Work task | The answer should hold every line of the listing, unchanged and free of images.

Data excerpt section start

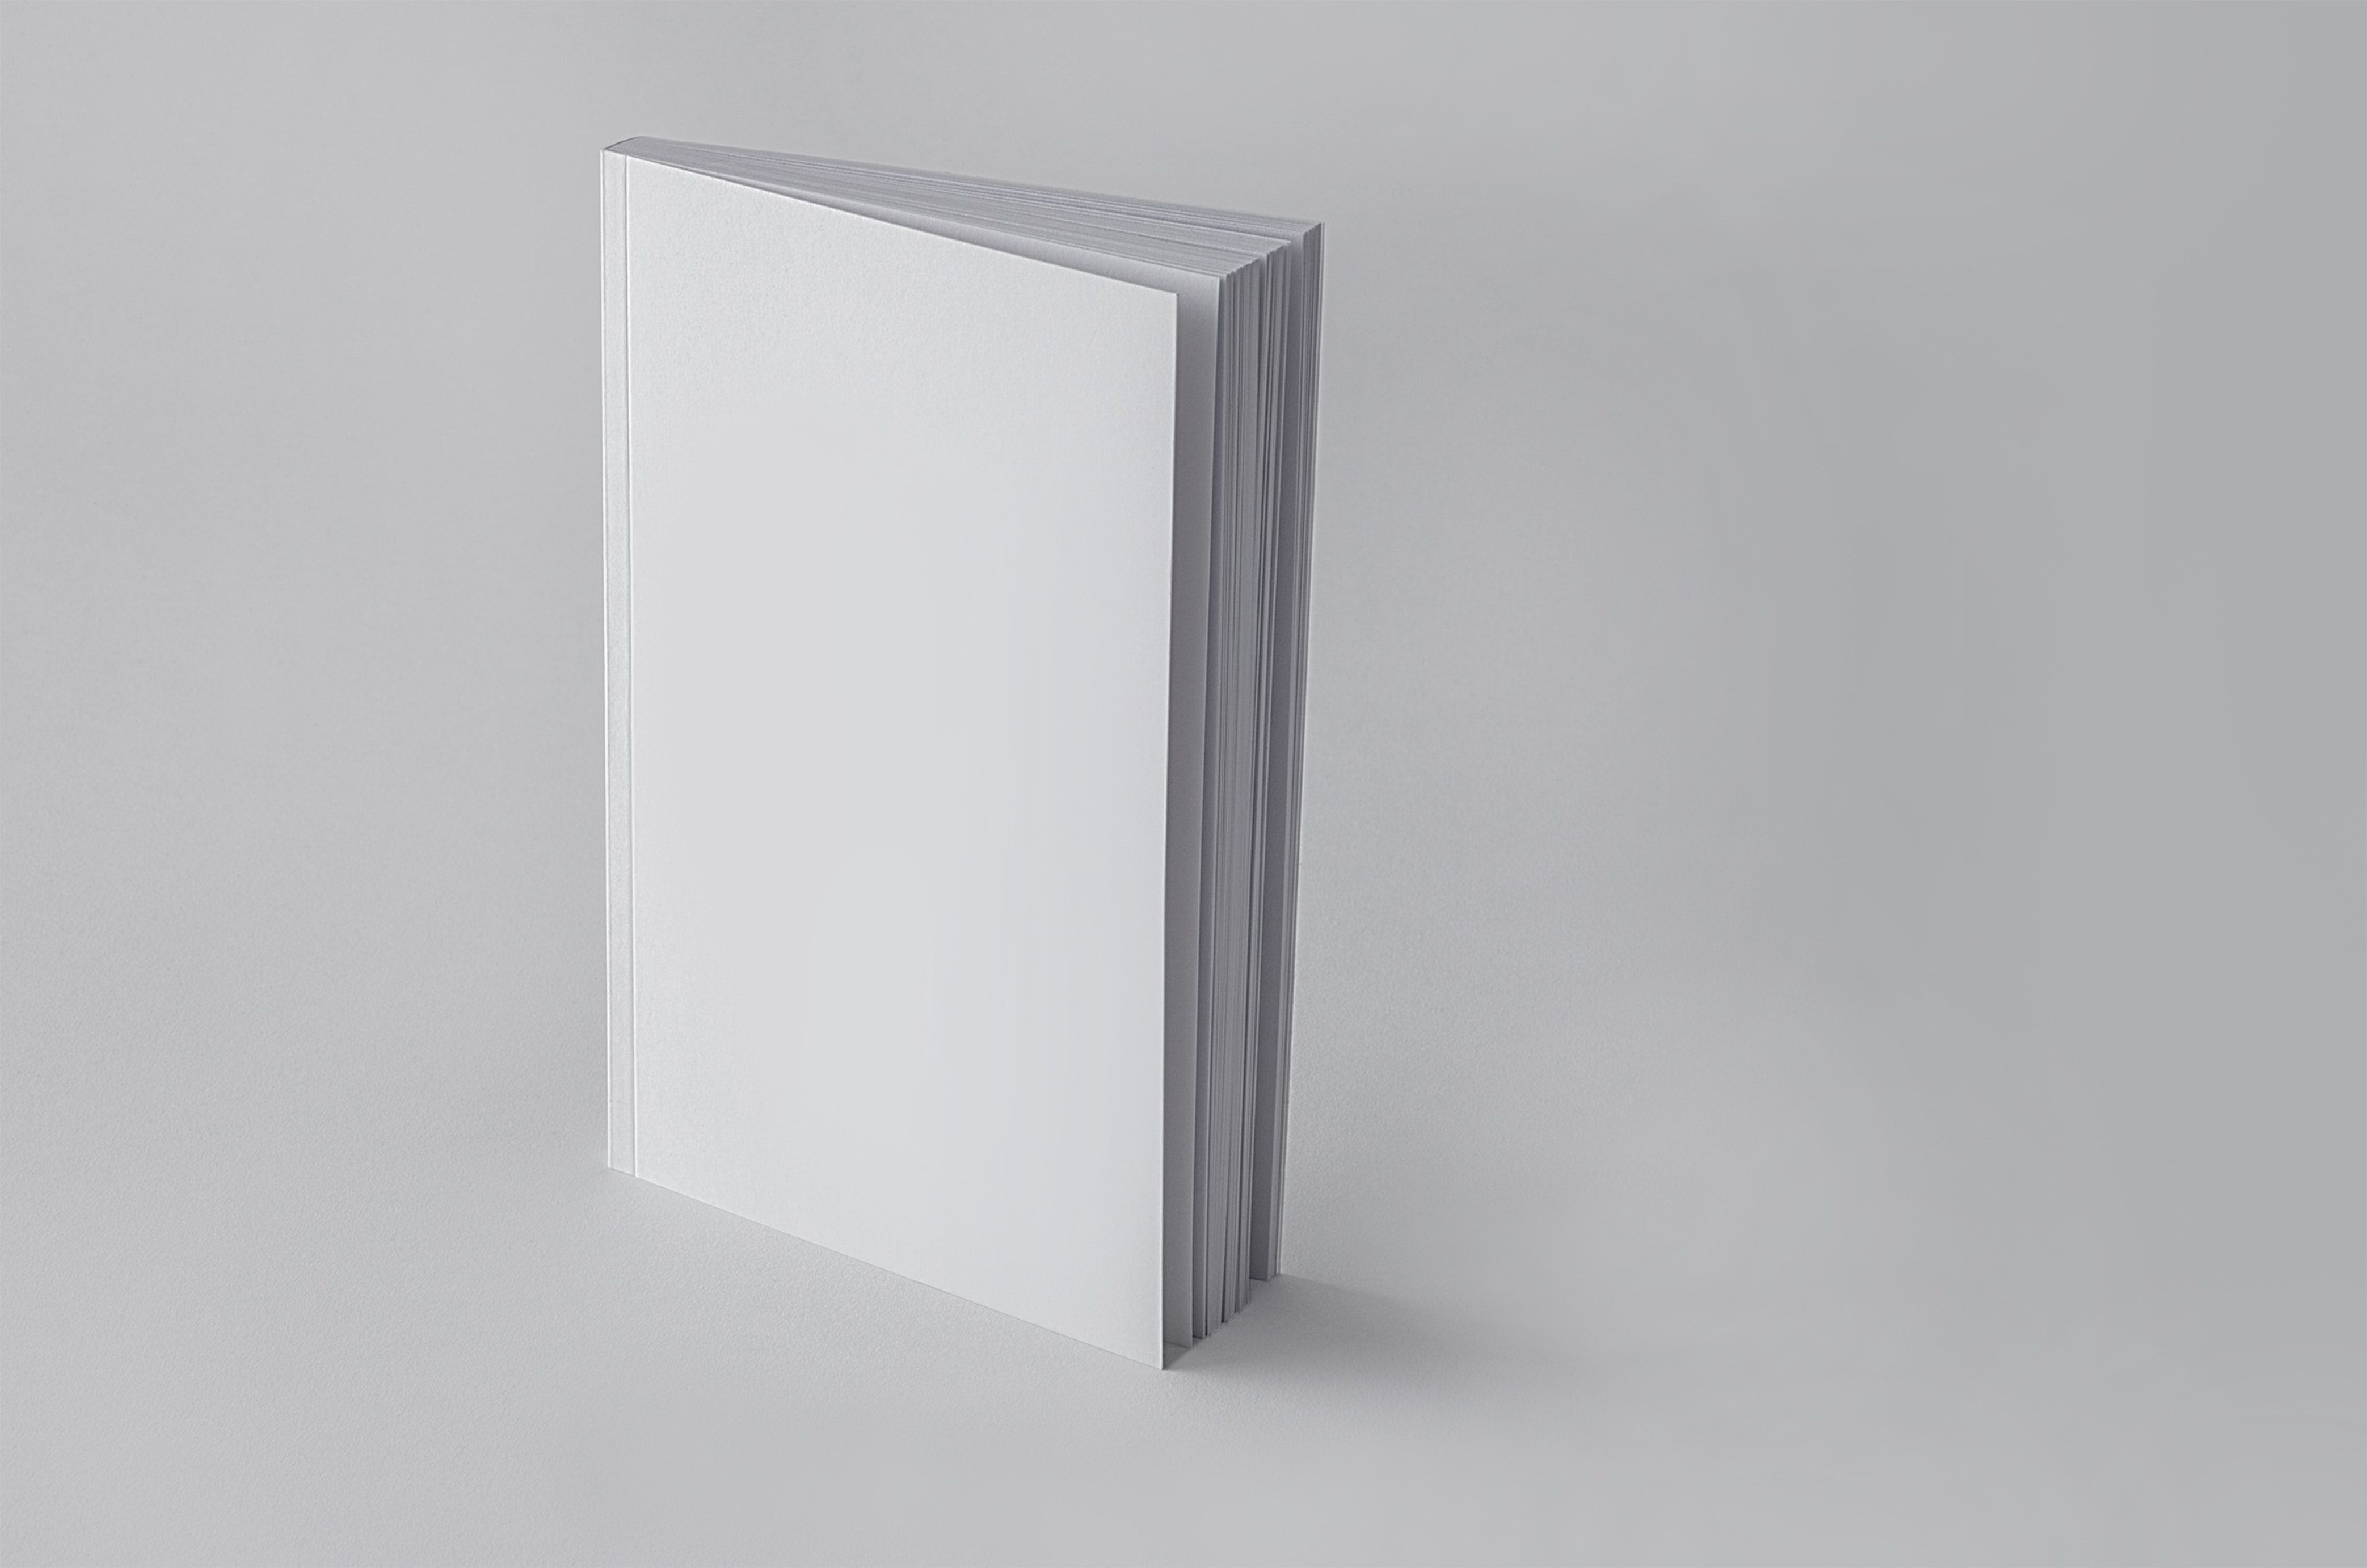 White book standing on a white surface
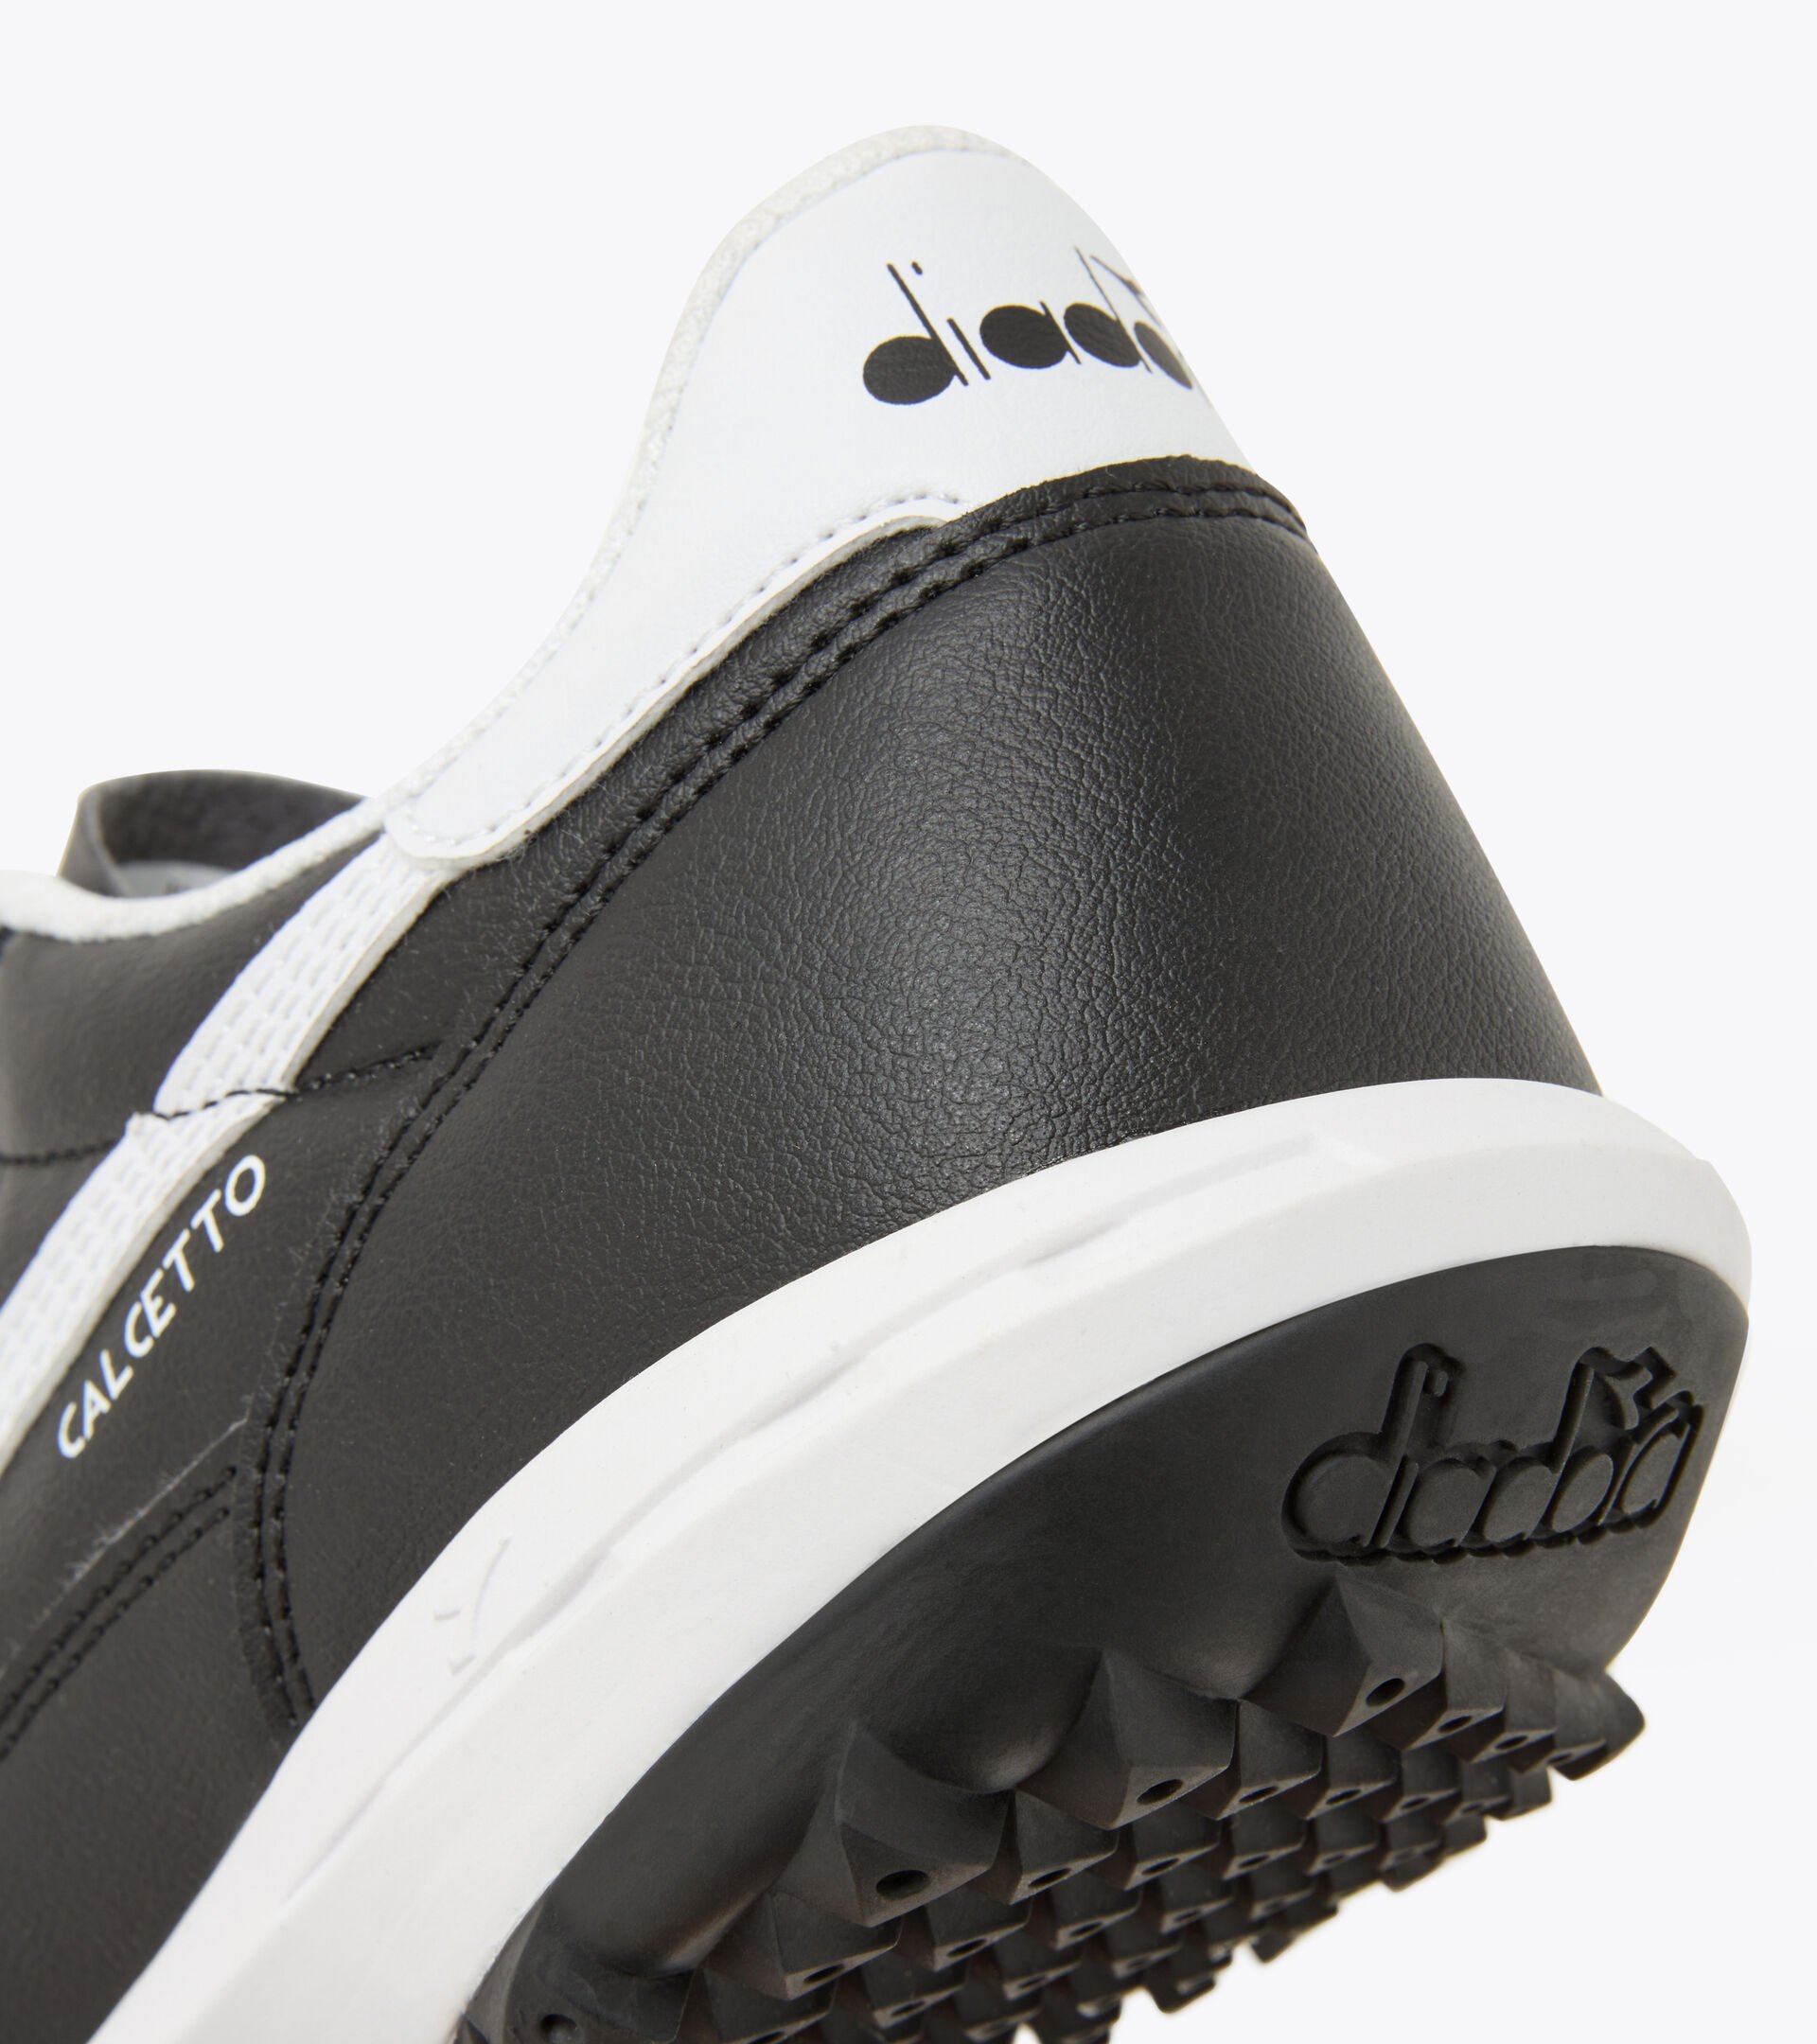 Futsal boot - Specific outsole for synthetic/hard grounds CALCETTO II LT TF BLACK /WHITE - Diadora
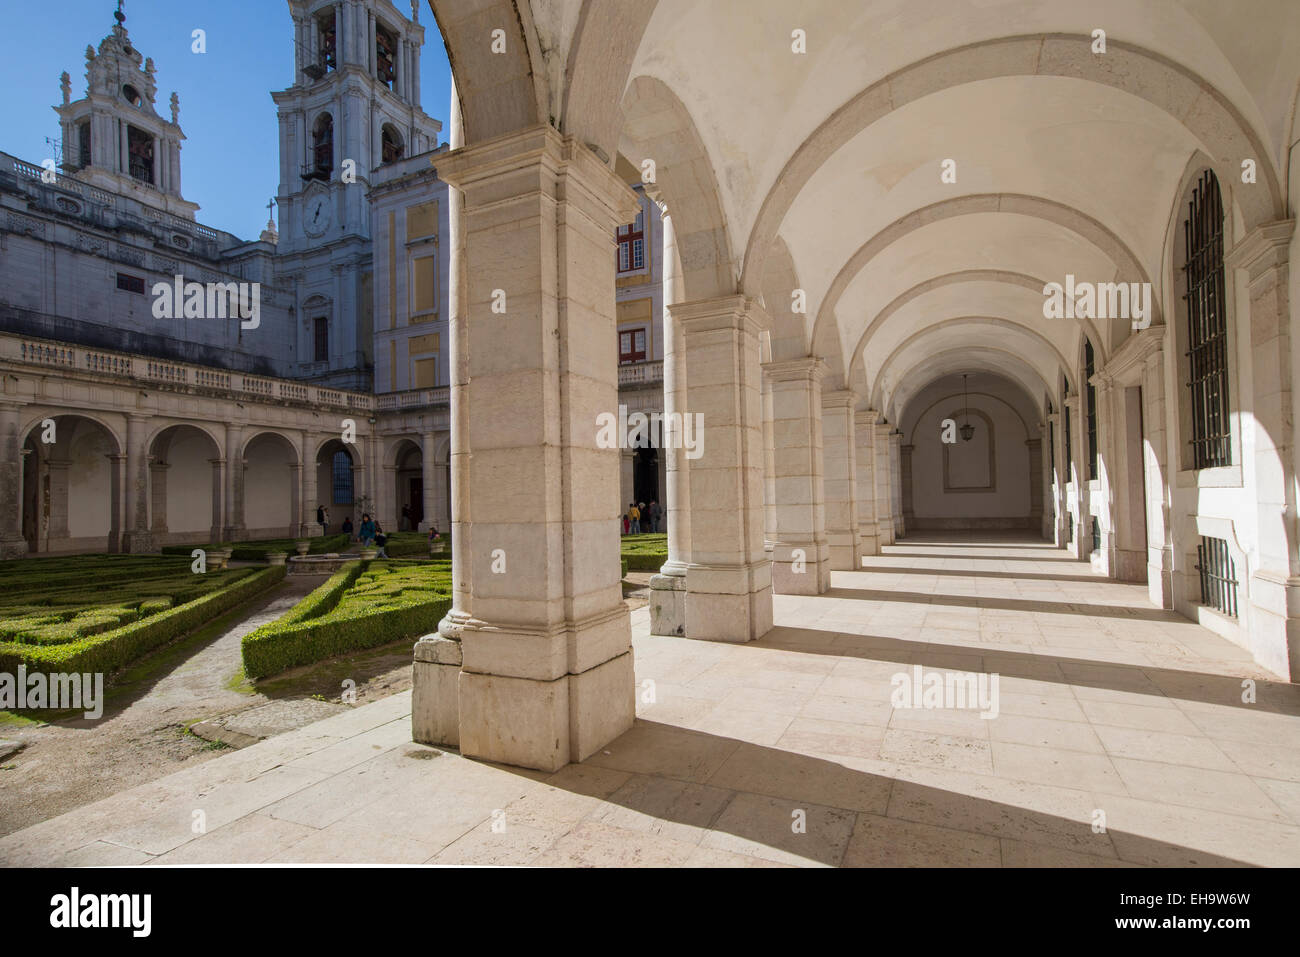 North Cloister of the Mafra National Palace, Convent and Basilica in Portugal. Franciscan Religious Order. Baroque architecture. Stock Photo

Data excerpt section end

Task solution |
 White book standing on a white surface
 Futsal boot - Specific outsole for synthetic/hard grounds CALCETTO II LT TF BLACK /WHITE - Diadora
 North Cloister of the Mafra National Palace, Convent and Basilica in Portugal. Franciscan Religious Order. Baroque architecture. Stock Photo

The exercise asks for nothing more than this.